Sounds like a lot of complexity for no benefit.


Either tool can provide the functionality of the other with a little work, is what I meant to imply...


It's what vi does.


I totally agree except over the years I have been using aria2 more and more instead of wget. aria2 supports HTTP/HTTPS, FTP, SFTP, BitTorrent and Metalink with the same sane wget syntax and defaults.

example

$ aria2c http://yourlink.com/file.*

-x2 allows using 2 connections per host.

https://aria2.github.io/


I'm having to use aria2 more and more to maintain decent download speeds, occasionally even from Akamai and CloudFront. S3 seems to be the exception.


curl is the one where I have to remember whether to use -o or -O when trying to download a file with the original filename and just use wget instead because it's faster than reading the curl man page.


I have the same problem. Curl is "unix-y" in the sense that the default options are optimized for a shell script and make no sense for interactive usage.
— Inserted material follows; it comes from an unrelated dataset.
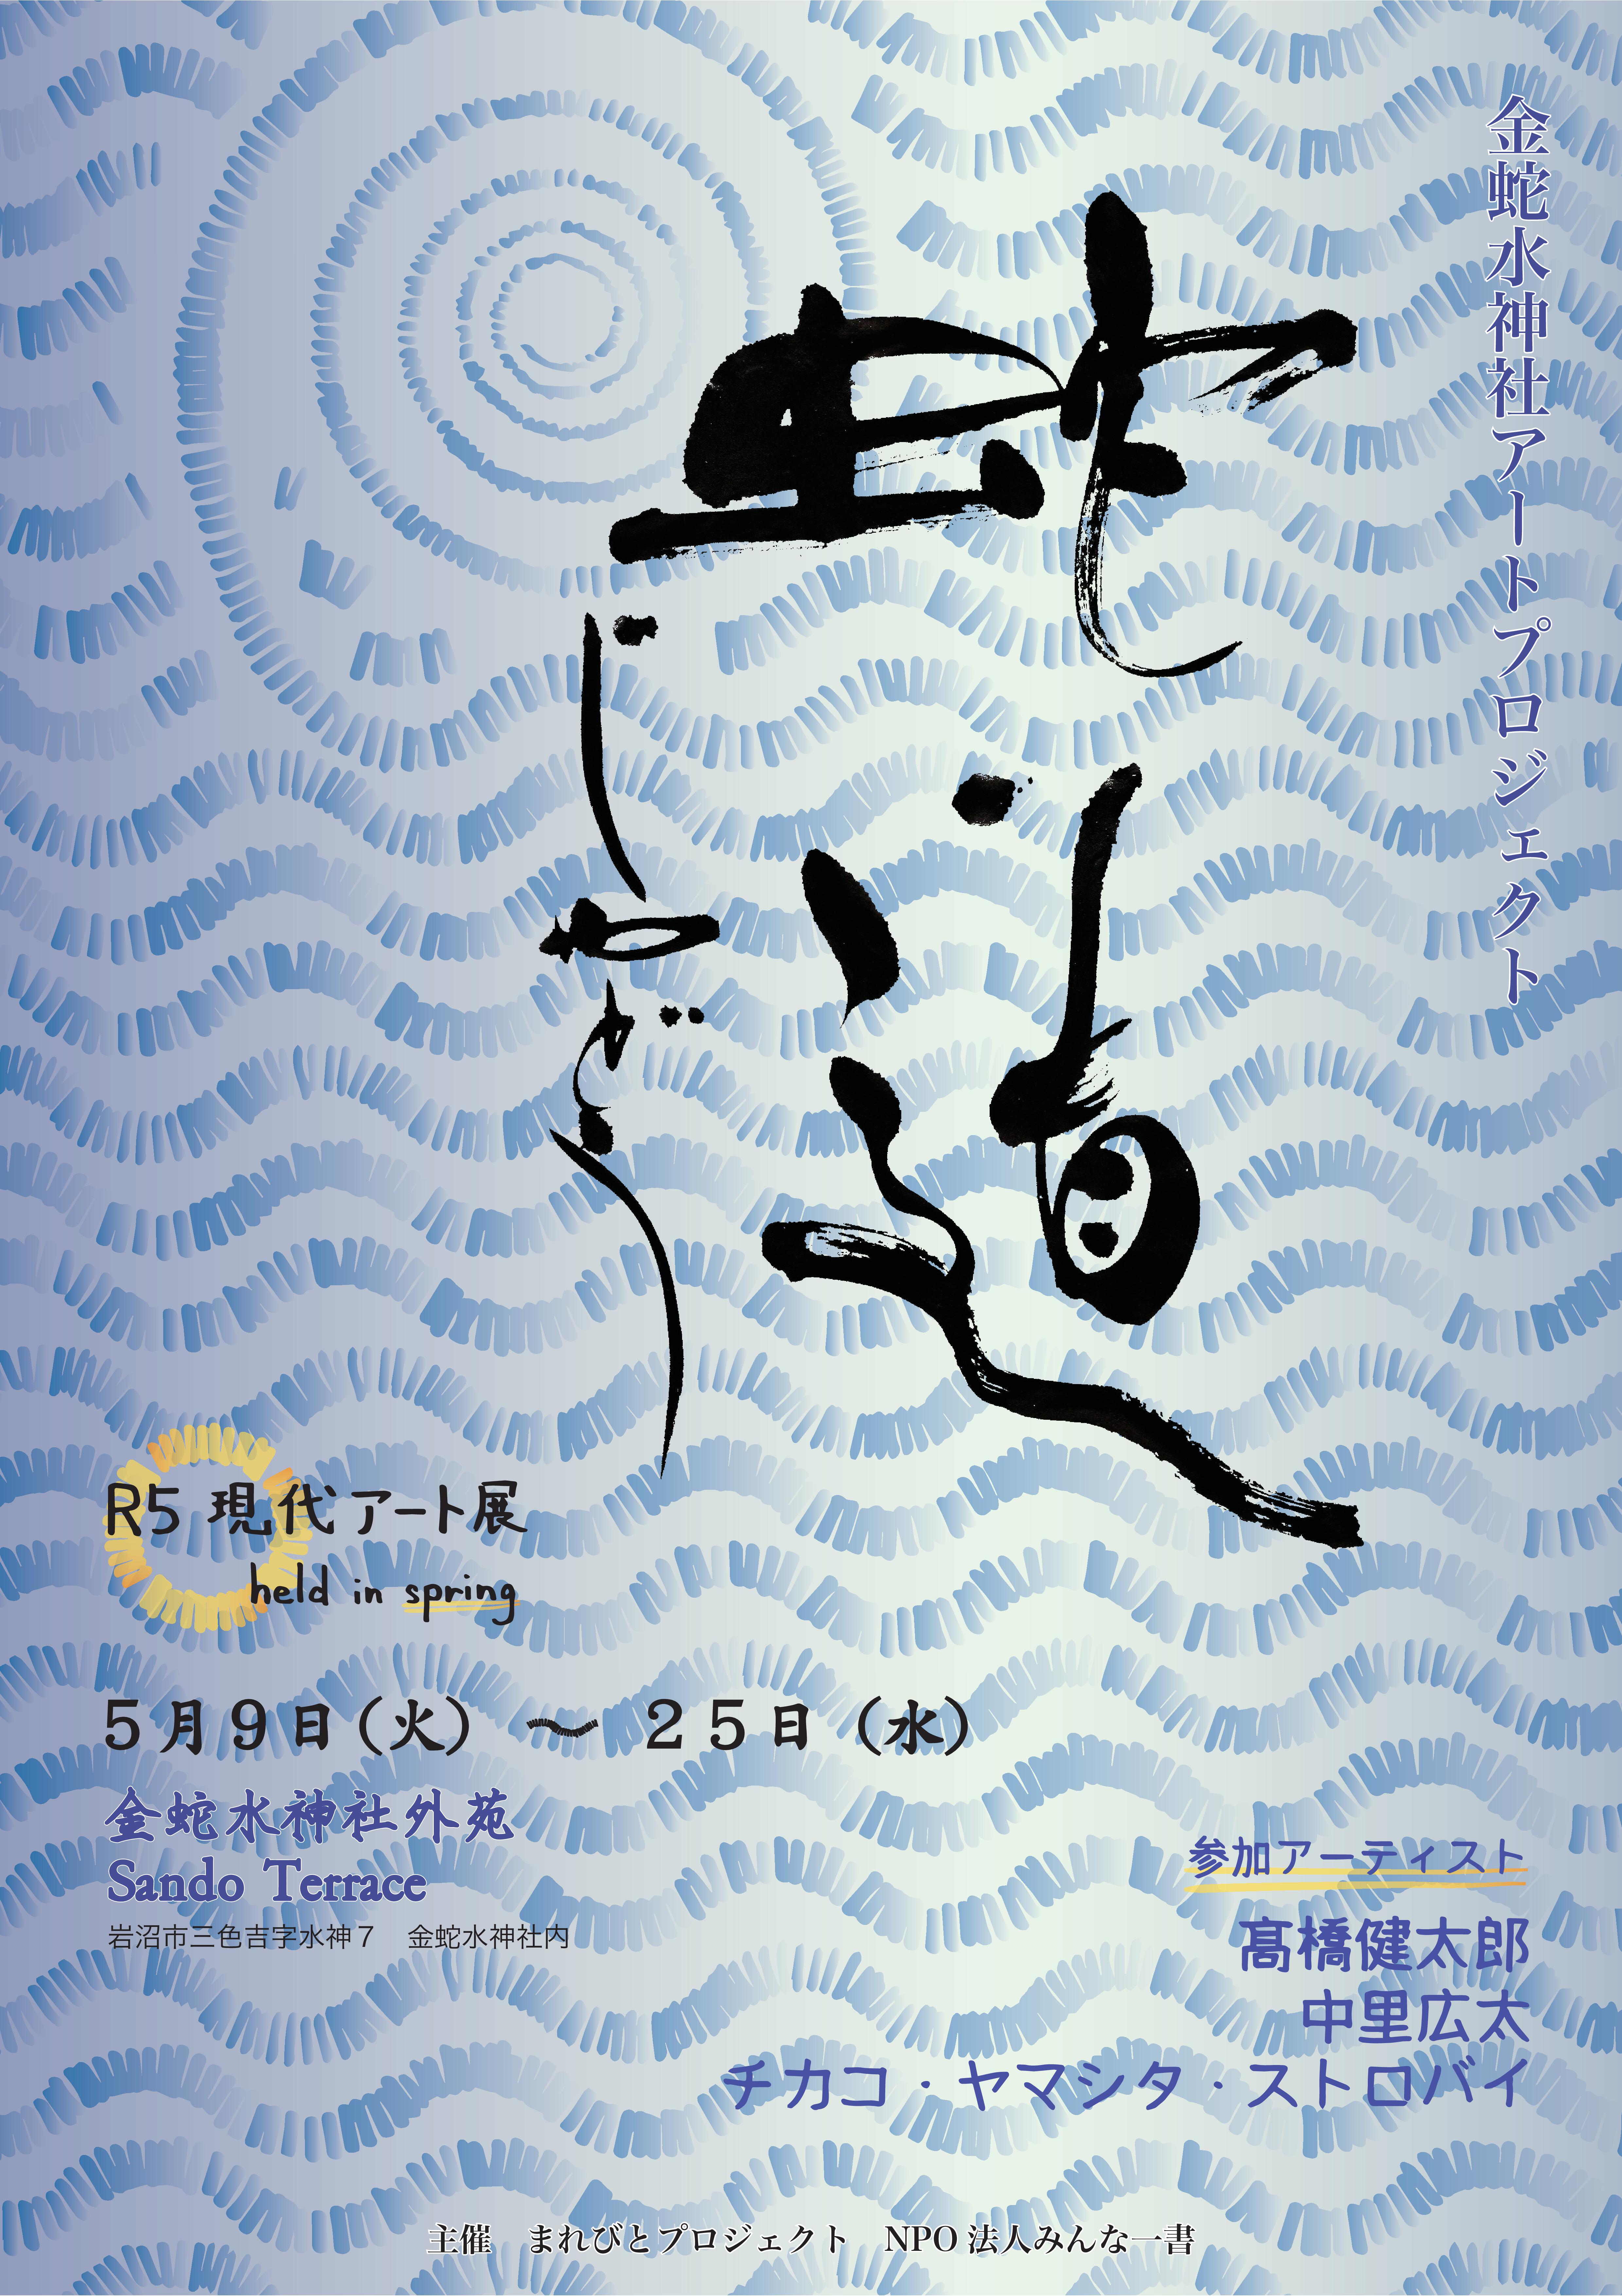 神社現代アート展「蛇道じゃどう」R5 Spring｜金蛇水神社のプレスリリース

bropages is where it's at for that kind of stuff. curl is actually their usage example :)

http://bropages.org/


Their example will just dump the webpage to stdout! Almost certainly not the desired behavior given the comment. Then they include second example of a use case that almost nobody has, instead of giving the option that everyone is actually looking for.


wow what the heck libcurl supports a ridiculous number of protocols (https://curl.haxx.se/libcurl/)


> Wget's [..] defaults are more sane

Does it finally use filename from "Content-Disposition" without need for any switches?


That sounds like a security issue, allowing the attacker to name a file like they want.


"This doesn't really need to be an "emacs vs. vim" or "tabs vs. spaces"-type dichotomy."

Agreed, and even "emacs vs. vim" or "tabs vs. spaces" do not really need to be "emacs vs. vim" or "tabs vs. spaces"-type dichotomies.


My favorite use of wget: mirroring web documentation to my local machine.

    wget -r -l5 -k -np -p https://docs.python.org/2/
Rewrites the links to point local where appropriate, and the ones which are not local remain links to the online documentation. Makes for a nice, seamless experience while browsing documentation.

I also prefer wget to `curl -O` for general file downloads, simply because wget will handle redirects by default, `curl -O` will not. Yes, I could remember yet another argument to curl... but why?

That said, I love curl (combined with `jq`) for playing with rest interfaces.


Thanks for the jq tip. I hadn't seen that before. Link if anyone's interested:

https://stedolan.github.io/jq/


Underscore CLI looks interesting as well, though I haven't personally had much of a chance to play with it. It does require NodeJS, which might be a deal-breaker for some, but if it's already in your toolchain then it might come in handy.

https://github.com/ddopson/underscore-cli


I've written a similar tool underscore-cli and jq called jowl. It's designed to be easier to learn (for JavaScript developers) than underscore-cli or jq. The README includes a comparison.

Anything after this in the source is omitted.